Ø Als je een beperking behandelt als een probleem, is mislukking onvermijdelijk.
Ø Als je een probleem behandelt als een beperking, loop je het risico in cynisme te
vallen.
Tips en aandachtspunten voor interventies omtrent beperkingen en problemen:
1. Maak een helder onderscheid, voor jezelf als de leerkracht als de leerling, van de
beperkingen en de problemen.
2. Aanvaard de beperkingen.
3. Richt je aandacht op de gevolgen van de beperkingen.

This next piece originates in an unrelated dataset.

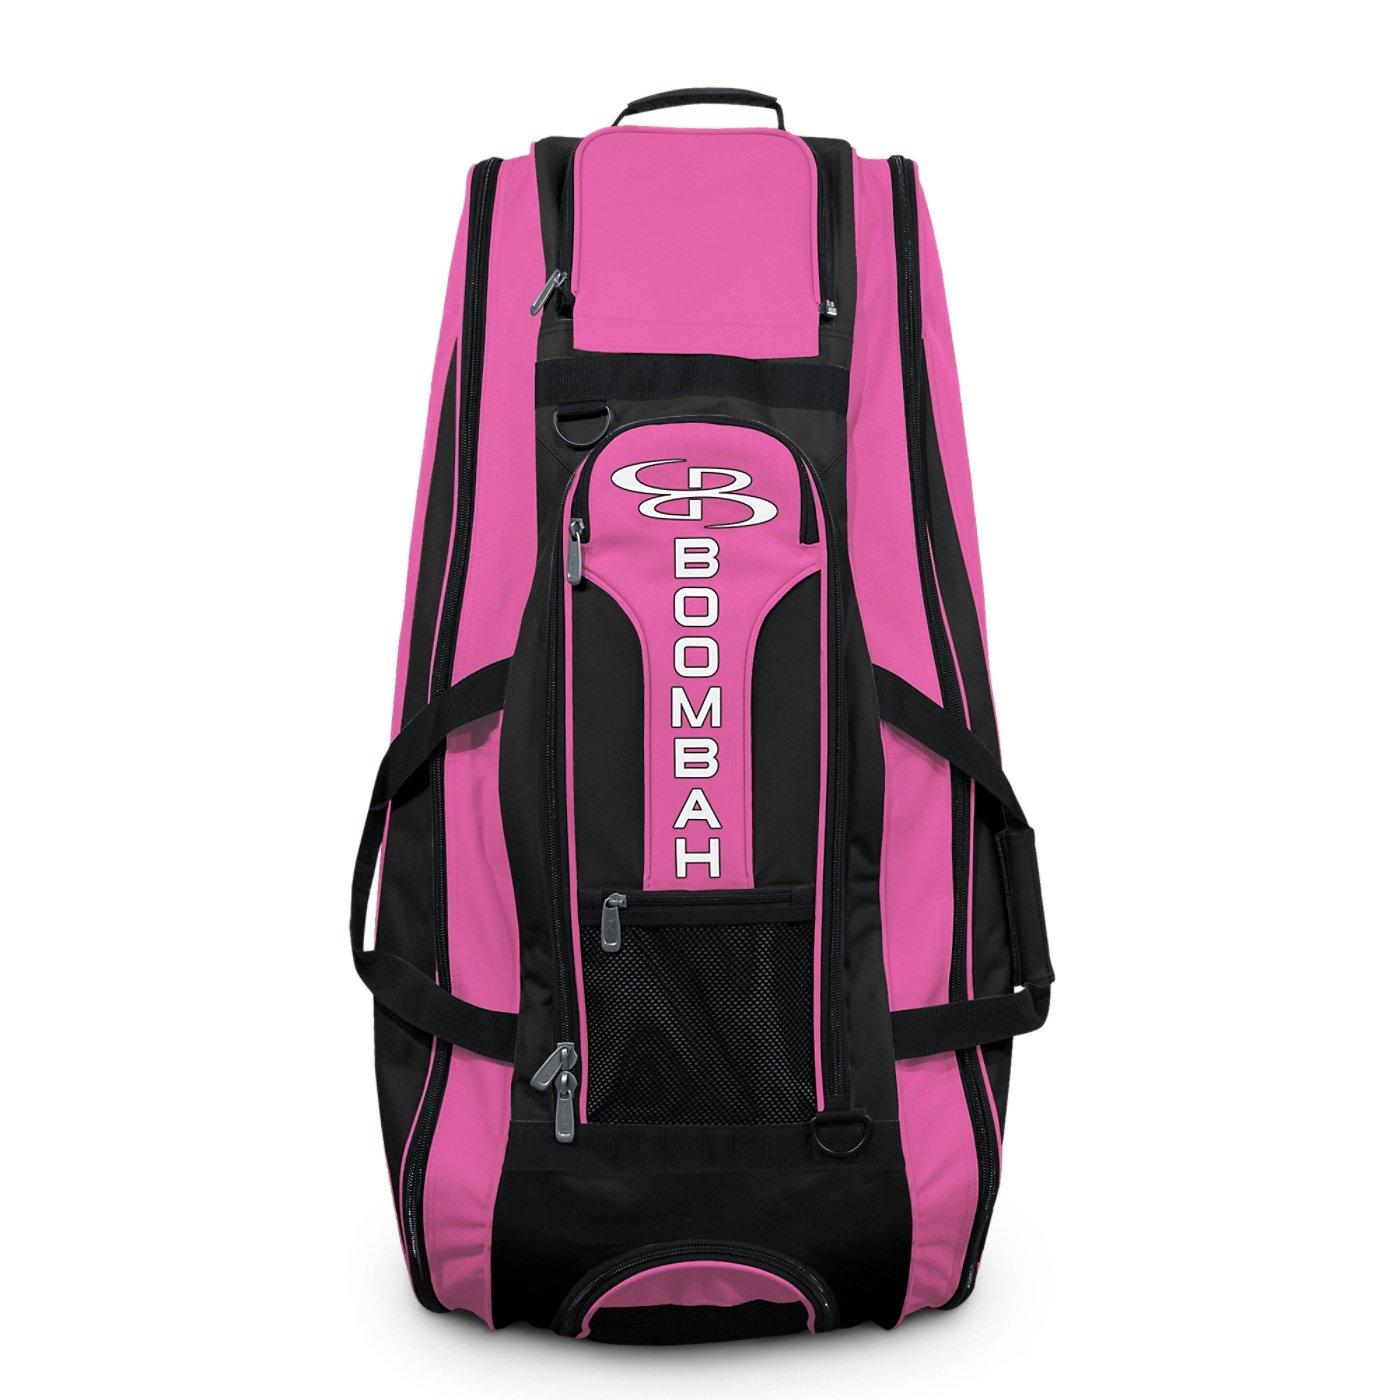 Boombah Beast Baseball/Softball Bat Bag - 40'' x 14'' x 13'' - Black/Pink - Holds 8 Bats, Glove & Shoe Compartments by Boombah (Image #3)

Daar anders mee leren omgaan
is namelijk een probleem waarvoor oplossingen denkbaar zijn.
4. Aanvaarding creëert nieuwe mogelijkheden. Als je erin slaagt om het onvermijdelijke
te accepteren, dat wil zeggen ermee stopt om het onveranderlijke proberen te
veranderen, komt er een hoop energie vrij.